My recollection is that agricultural productivity has increased faster than population growth, such that land use for agriculture has flattened globally and is decreasing in the US. But I haven’t checked recently, so holler if that smells and I can poke around.
It wasn’t ever entirely clear to me what he was talking about there. Maybe U-6 unemployment. Maybe workforce participation. The former was decreasing when he was elected and continued to do so until 2020. The latter (for “core age” so as to avoid counting retirees) was down 3 points from peak but increasing then and on until 2020.
I mean, eyeballing this chart here, it may have gone up .5% since Trump was re-elected? Until, you know, he remained President for too long…

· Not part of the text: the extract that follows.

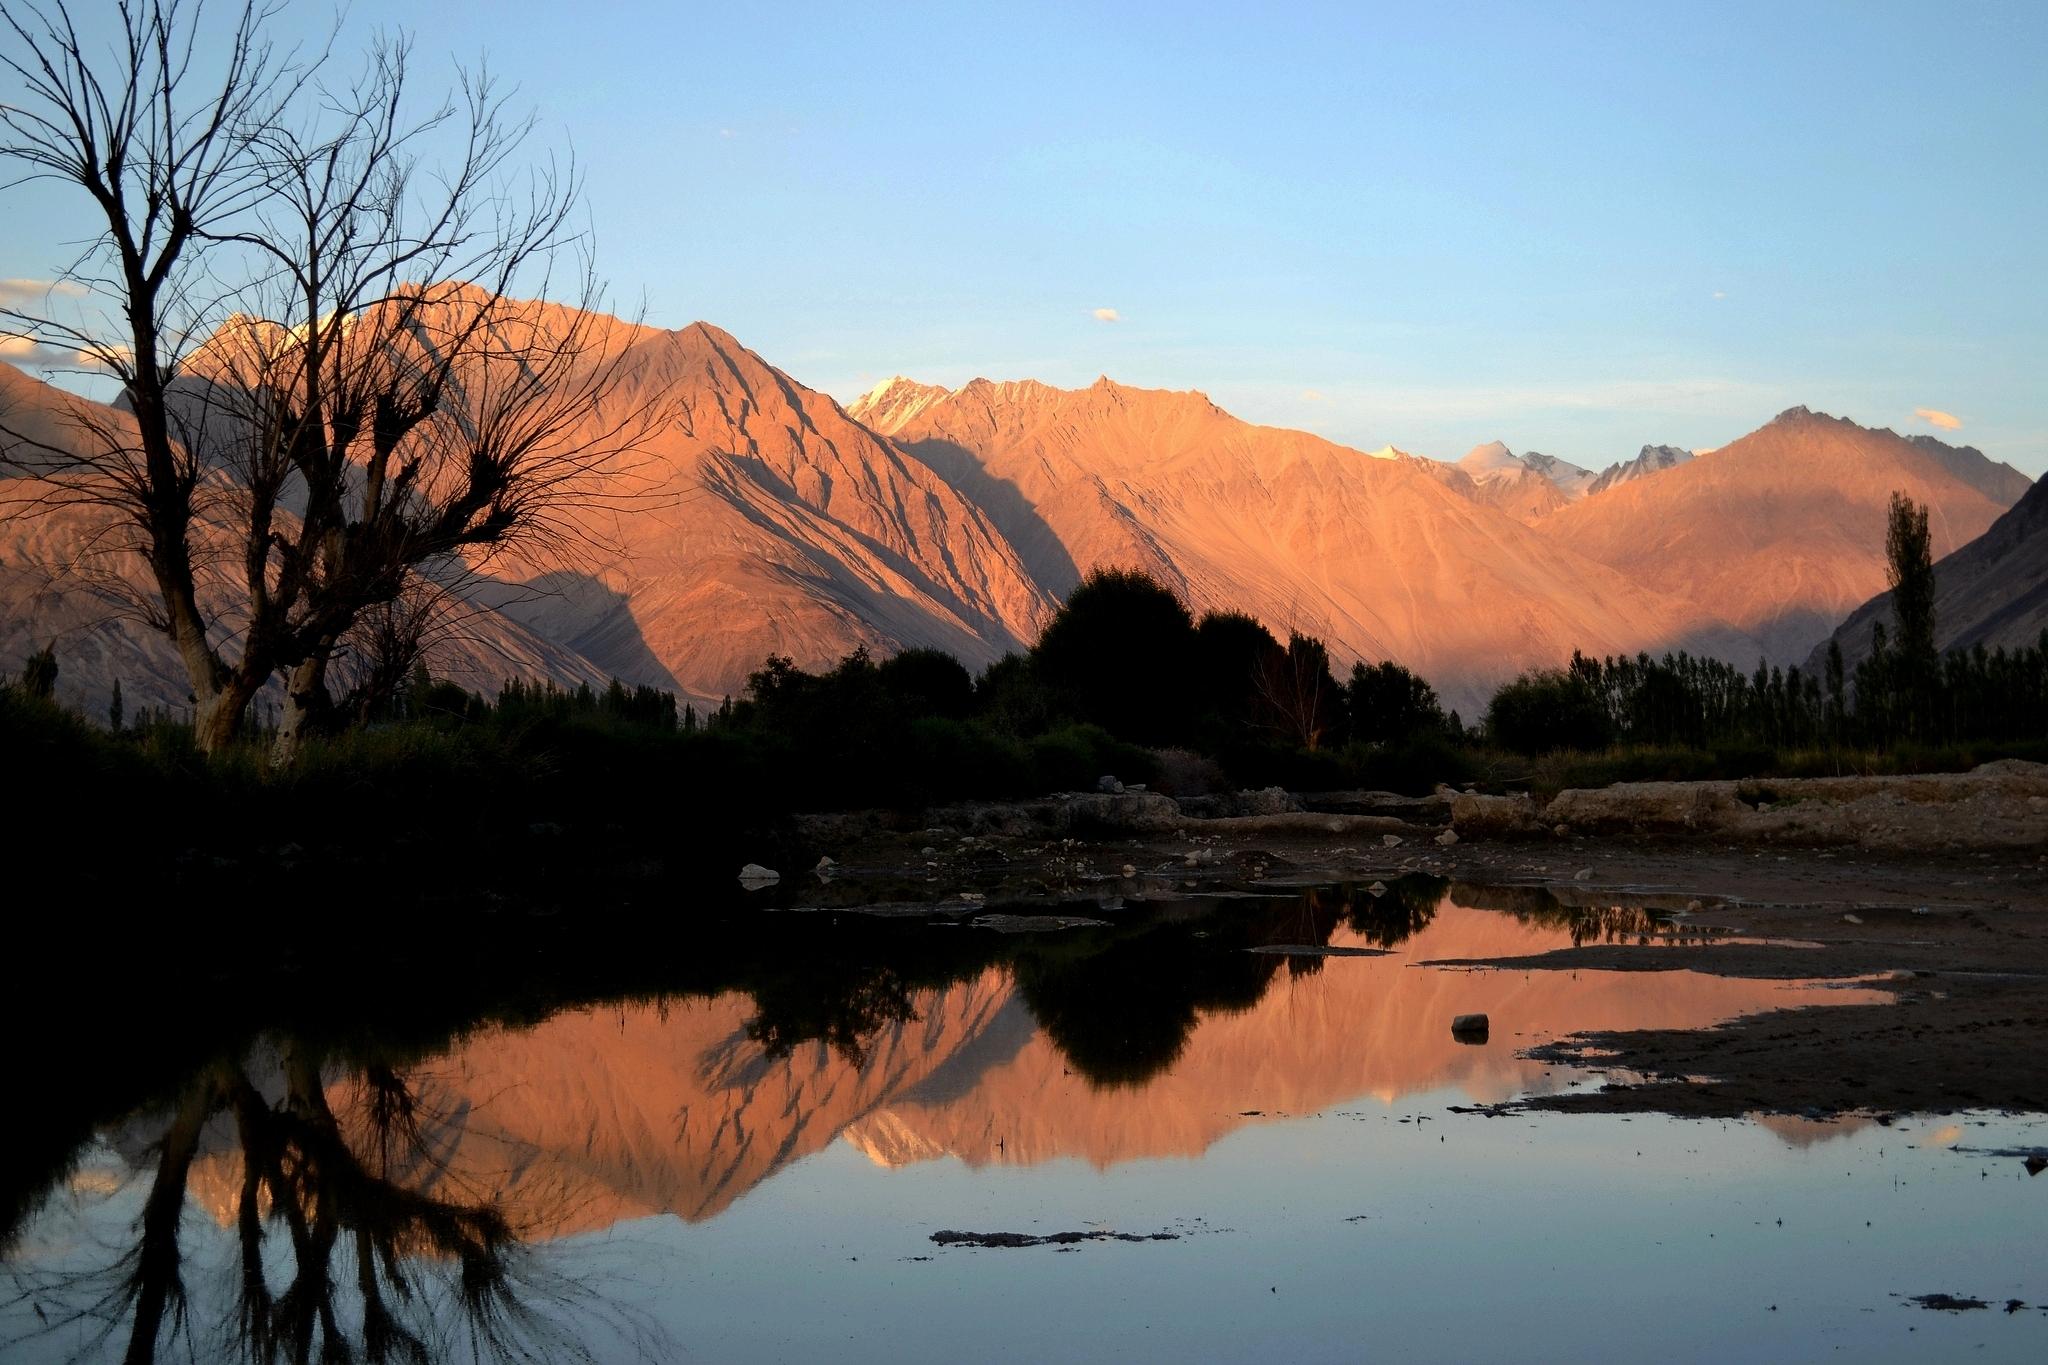 Sunset in Nubra Valley, India

Workforce participation IIRC. I recall seeing some kind of fact check about it way back in 2016 saying Trump actually had a point on this claim. That unemployment figures only count people actively looking for work and not those who have given up and are eg living off disability benefits or supported by family members, and that the latter had increased after 2008 and not recovered. But after he was elected it all went down the memory hole and he only talked about the standard unemployment rate, just like Obama had.

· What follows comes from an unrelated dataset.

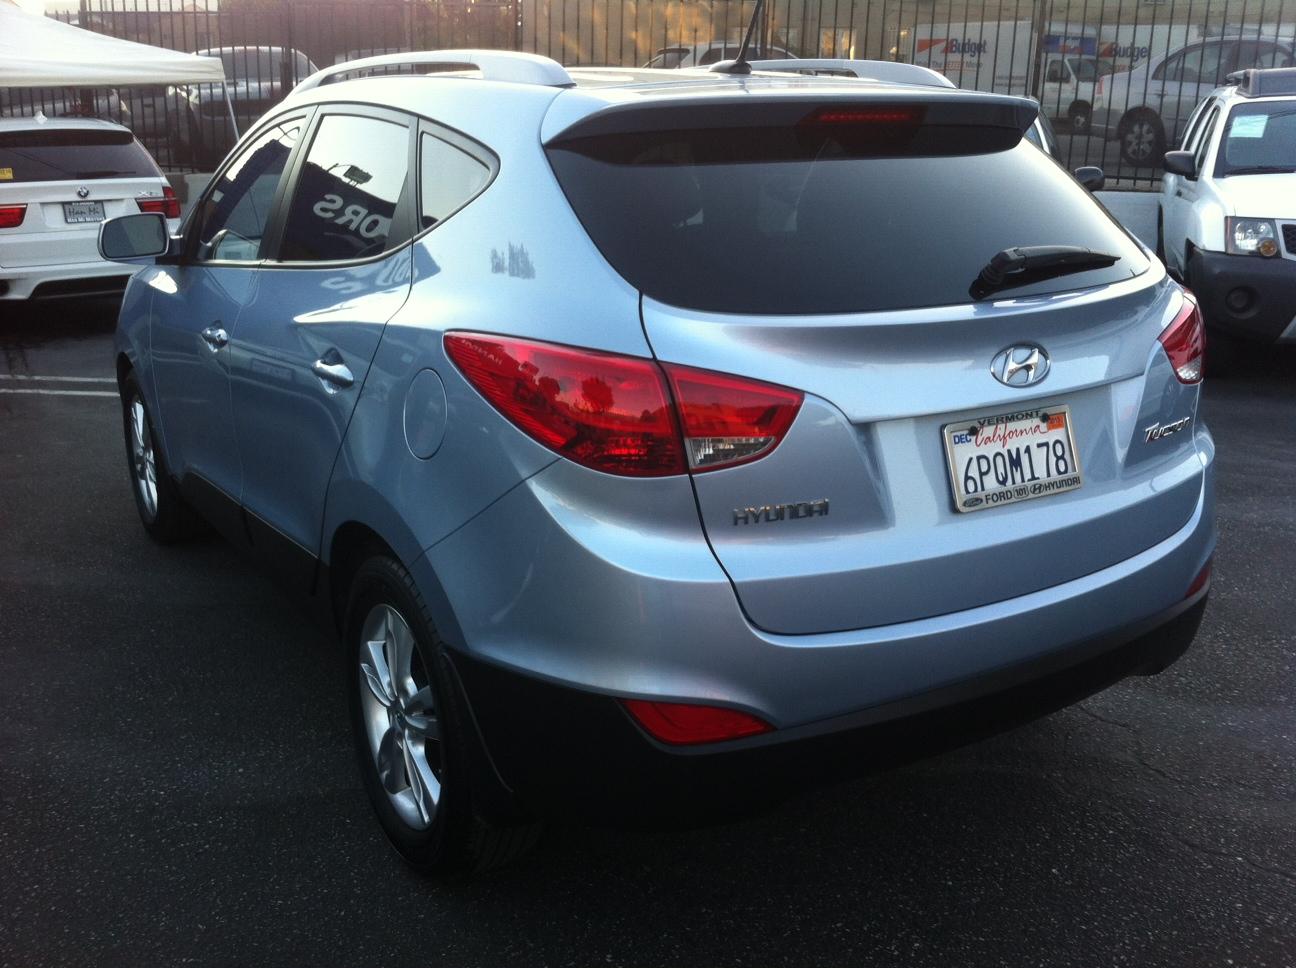 2015 Hyundai Sonata Hybrid >> 2011 Hyundai Tucson - Pictures - CarGurus

That one includes the rapidly retiring boomer population. Which is why I mentioned the core age participation.
U-6 includes:
Discouraged workers
All other persons marginally attached to the labor force
Employed part time for economic reasons.
BLS A-15 shows all six official unemployment numbers.
I think you fall off of U-6 after a year, as opposed to a month for “the” unemployment rate (U-3). So there will be some people not counted there.
Additional charts to consider:
U.S. middle class decreasing share of wealth since 1989:
Increasing debt as a percentage of GDP since 1981:
Related: global inequality, with a minority owning more wealth than the bottom half of the world population.
U.S. GDP growth per annum has been on a downward trend since 1961:
U.S. net trade in goods and services has been on a downward trend since 1971:
U.S. total debt has been increasing since 1957, but started rising significantly during the 1980s, with an increasing gap between that and national income:
Finally, besides that unfunded liabilities might be as high as $210 trillion:
Sure there is. It requires a lot of work and planning and political will. Things people suck at.